In a separate scientific session, Dr Pietro Iaffaldano (Bari, Italy) used results from the Big Multiple Sclerosis Data Network to discuss the optimal time to start treatment in patients with RRMS.30 He reported that early treatment (within 6 months of disease onset) significantly reduces the risk of reaching confirmed EDSS progression (p=0.003), with no subsequent significant comparisons between early and delayed treatment (Figure 2).
Figure 2: Risk of reaching 12 months’ confirmed EDSS progression by early versus delayed treatment start.30
CI: confidence interval; EDSS: Expanded Disability Status Scale; HR: hazard ratio.
Dr Iaffaldano concluded that the optimal time to start DMT in MS to prevent long-term disability accumulation is within 6 months of disease onset.
In regards to future MS therapies, Dr Edward Fox (Round Rock, Texas, USA) presented the final results of a placebo-controlled, Phase II multicentre study of ublituximab, a novel glycoengineered anti-CD20 monoclonal antibody, in patients with relapsing forms of MS.31 All patients met the primary endpoint of >95% B-cell depletion at Week 4 (p<0.001), while at Week 48, ARR was 0.07 and 93% of patients were relapse free. Importantly, 74% of patients met the criteria for no evidence of disease activity. Following promising results from early trials, ublituximab is now in Phase III research.

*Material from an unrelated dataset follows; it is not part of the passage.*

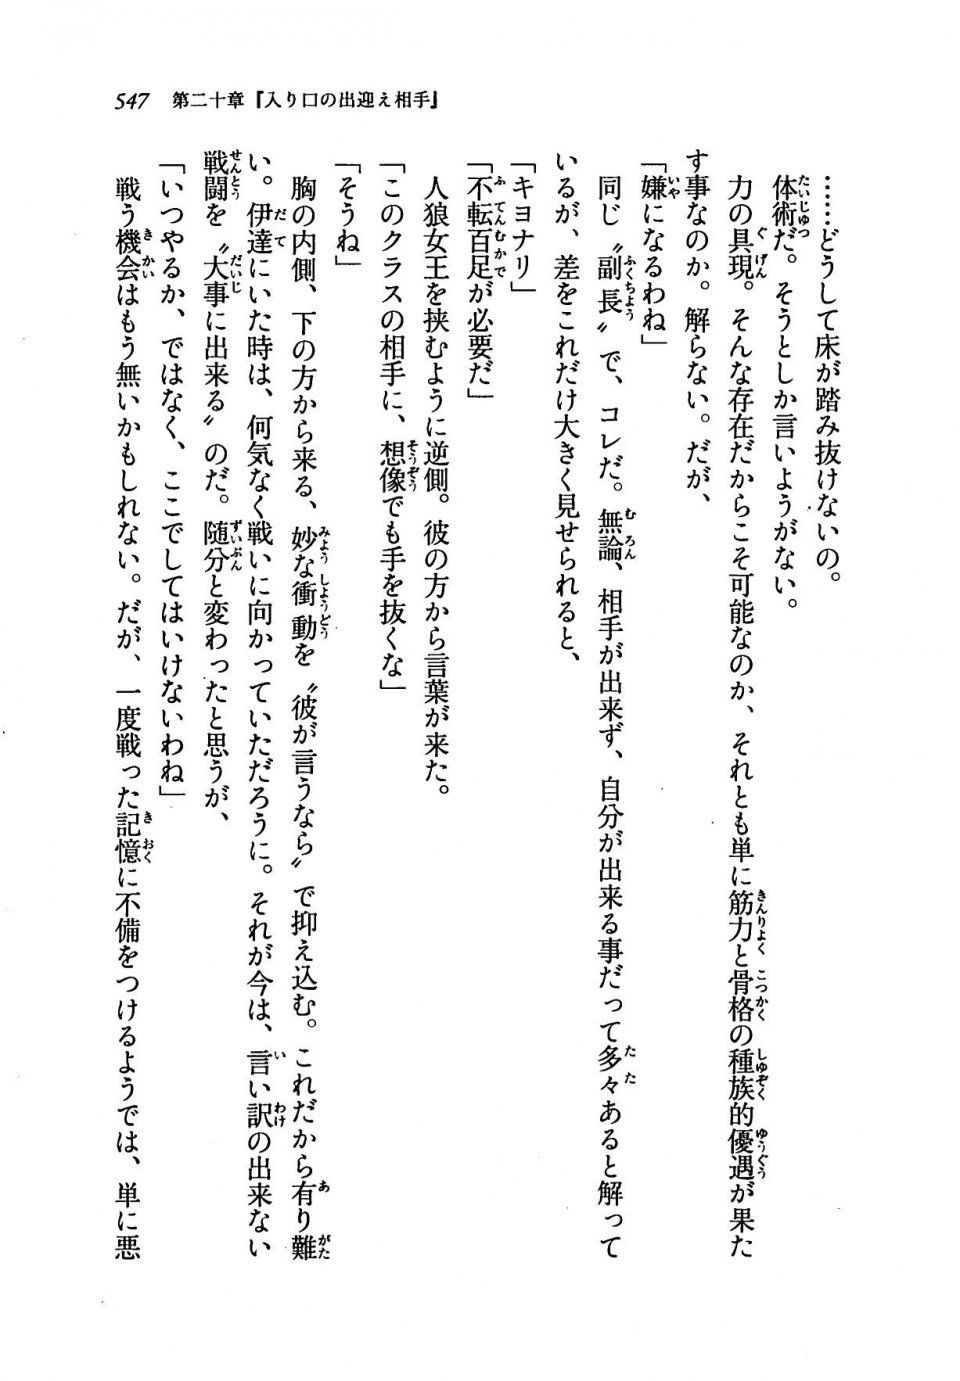 Kyoukai Senjou no Horizon LN Vol 19(8A) - Photo #547

Finally, Prof Xavier Montalban (Barcelona, Spain) presented the primary analysis of a randomised, placebo-controlled, Phase II study of the Bruton’s tyrosine kinase inhibitor, evobrutinib, in patients with relapsing MS.32 Evobrutinib significantly reduced T1 Gd+ lesions versus placebo in patients with active, relapsing MS during 24 weeks of treatment, while evobrutinib 75 mg once daily and twice daily significantly reduced T1 Gd+ lesions per scan versus placebo. Overall, evobrutinib was well tolerated and was not associated with serious infections, infestations, or lymphopenia.
CONCLUSION
The changing treatment landscape in MS over recent years highlights the importance of the annual ECTRIMS conference in revealing the latest updates on long-term safety and efficacy of existing therapies and new disease and treatment discoveries. With the curtains closing on ECTRIMS 2018, we look forward to ECTRIMS 2019 in Stockholm, Sweden. This year, the congress will address one of the major remaining unmet needs in MS: filling the void of effective treatment options in progressive MS.